Individuals who flee at sight of officers may be detained

January 13, 2000|By Lyle Denniston | Lyle Denniston,SUN NATIONAL STAFF

WASHINGTON -- Someone who runs when police arrive in a high-crime neighborhood may be stopped for questioning and a quick search if the person flees in a "nervous, evasive" way, the Supreme Court ruled yesterday.

The justices decided unanimously that fleeing would not by itself be enough to justify a police stop. Nor would the fact that the area was known for frequent criminal activity.

But when all the circumstances are taken into account, the court indicated, police may be justified in concluding that the person's actions in leaving a high-crime locale are enough to lead them to investigate further.

The decision settled the constitutional rules for a type of encounter that police organizations say occurs countless times every day. The key to the constitutionality of police stops of people who flee, the court said, is "common sense judgments and inferences about human behavior."

The National Association of Police Organizations praised the ruling, saying that "effective law enforcement requires no less" than the authority of police to stop, question and search for weapons those "who run away once they see a police officer."

The American Civil Liberties Union denounced the decision, saying the court had "failed to realistically evaluate the host of complex factors -- including racial discrimination -- which would lead an individual to avoid contact with the police."

The court, by leaving the legality of any given pursuit vague, seemed to hand over to lower courts the authority to determine, case by case, when police may constitutionally stop a fleeing individual.

The court conceded that its decision might mean that, in some cases, "officers may stop innocent people." But it said the Constitution accepts the risk that innocent people may be detained briefly if an officer thinks their attempts to leave were suspicious.

Four of the nine justices filed a separate opinion, apparently in an effort to encourage lower courts not to interpret the main opinion -- written by Chief Justice William H. Rehnquist -- as a sweeping endorsement of police power to go after anyone who runs when police arrive.

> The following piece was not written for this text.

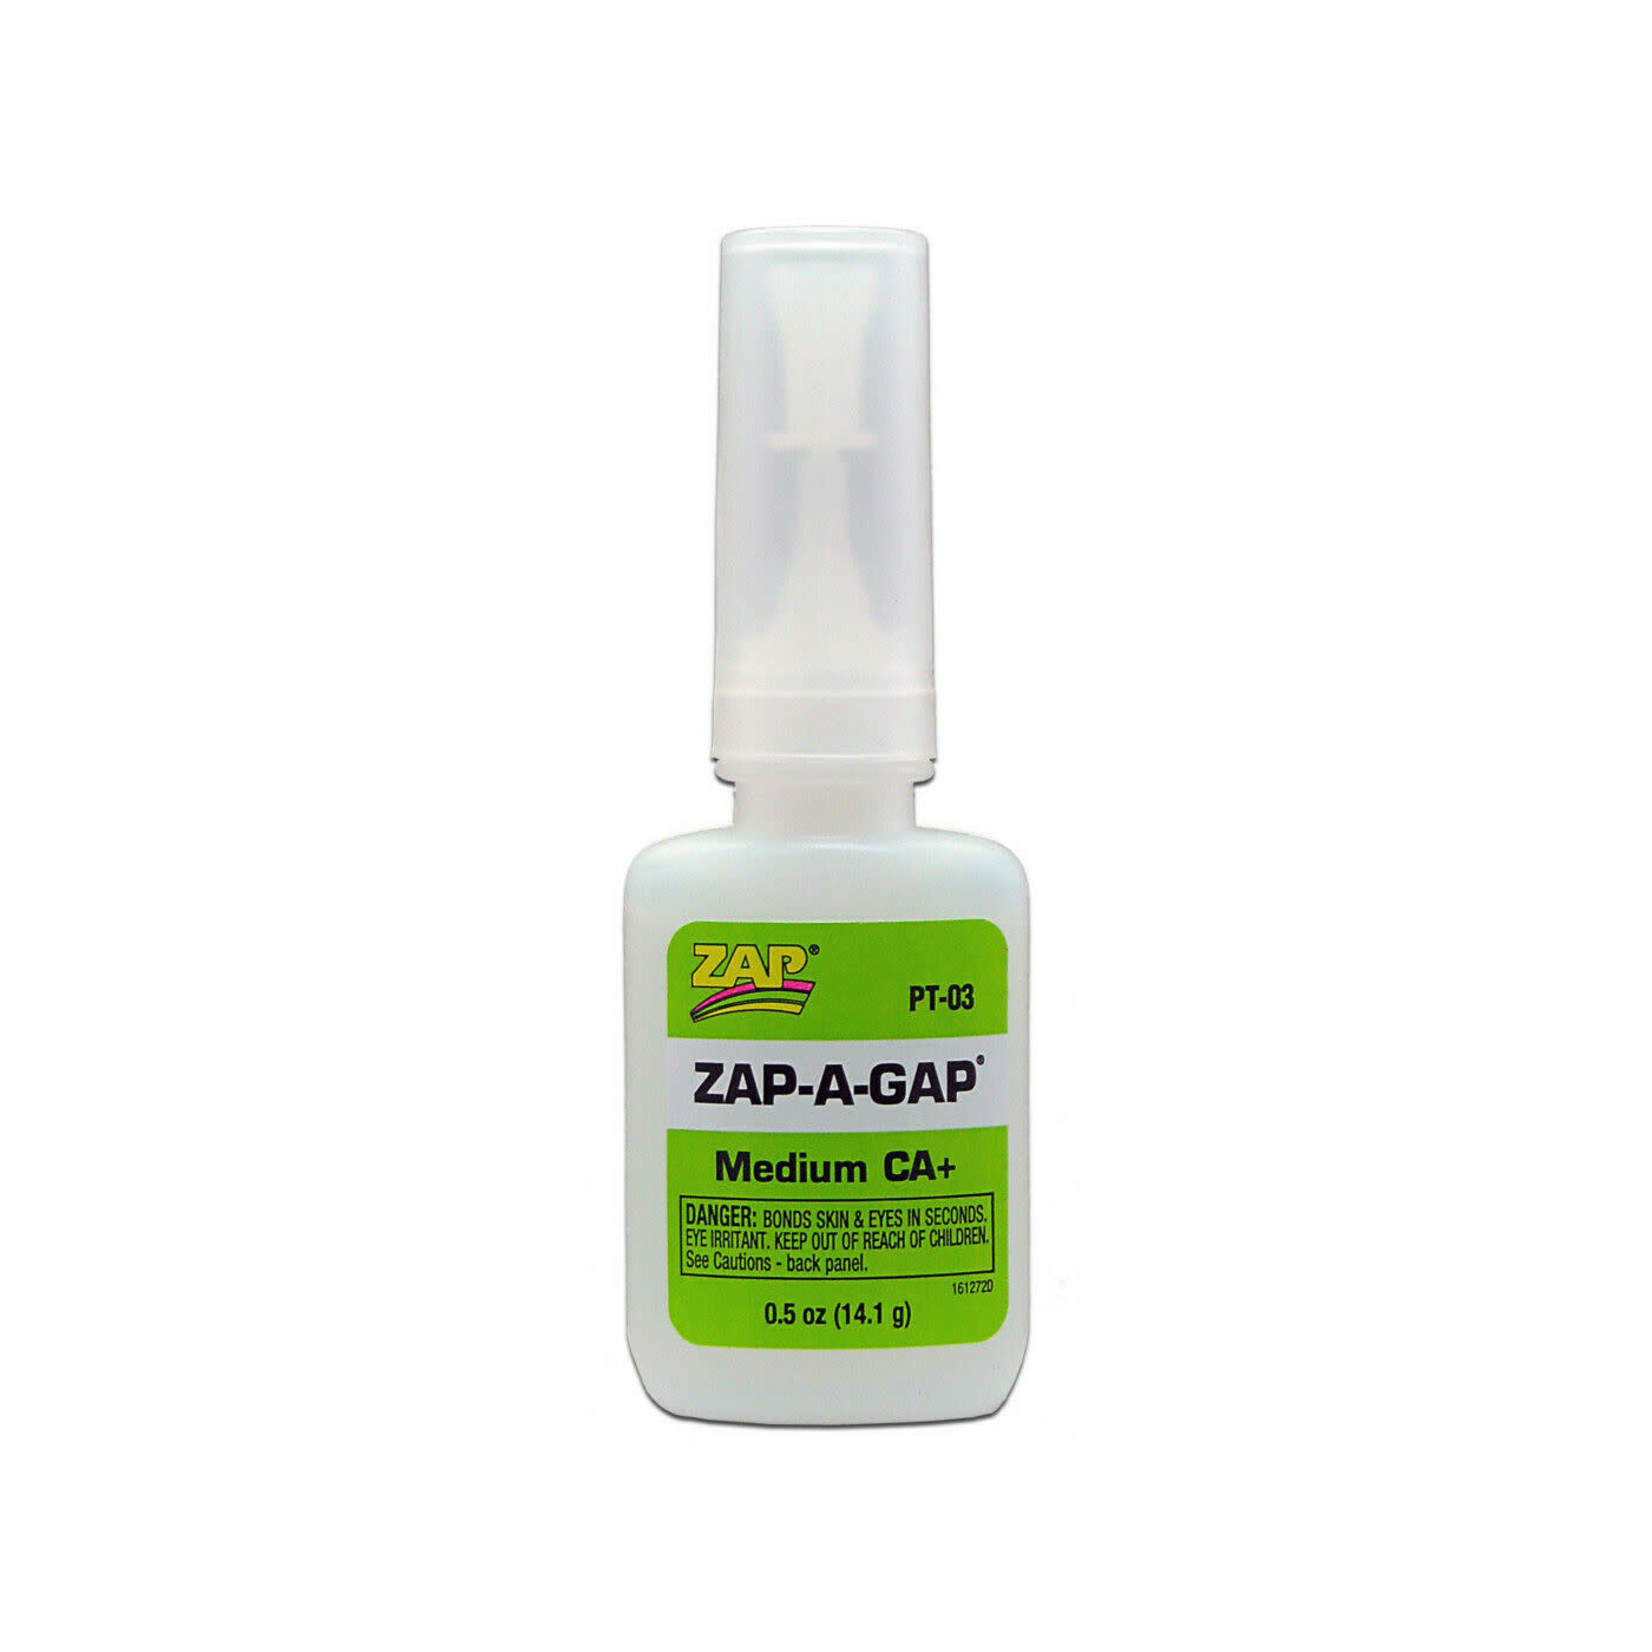 Zap Glue Zap-a-gap Medium CA Super Glue 1/2 oz

Justice John Paul Stevens, writing for those four, said the ruling does not take away the right to avoid contact with police for individuals -- particularly racial minorities -- who fear the police because of race-based actions by officers.

Those four also dissented when the court applied its ruling to the specific facts of an Illinois case. The majority declared that the facts did support the stop the officers made -- which led to the arrest and conviction of a Chicago man for possessing a gun illegally. The dissenters said the circumstances did not provide enough evidence to support the stop made in the case.

State courts had reached conflicting rulings on whether police may pursue someone solely because he or she ran upon seeing police.

Rehnquist, though, used the court's main opinion to stress that police may react if they see someone fleeing in a "nervous, evasive" way, because that kind of flight is "certainly suggestive" of wrongdoing. Thus, the chief justice said, a nervous departure "is a pertinent factor" the officers may take into account.

Rehnquist's opinion was supported by Justices Anthony M. Kennedy, Sandra Day O'Connor, Antonin Scalia and Clarence Thomas.

Stevens, writing for the dissenters, accepted the court's constitutional interpretation. But Stevens found that the facts in the Illinois case did not justify police stopping the Chicago man, William Wardlow. When a police caravan drove into a neighborhood the officers regarded as a frequent site of drug crimes, Wardlow ran.

In a second criminal law ruling yesterday, the court ruled unanimously that the Constitution does not give an individual convicted of a crime the right to act as his or her own lawyer once the case is appealed to higher courts.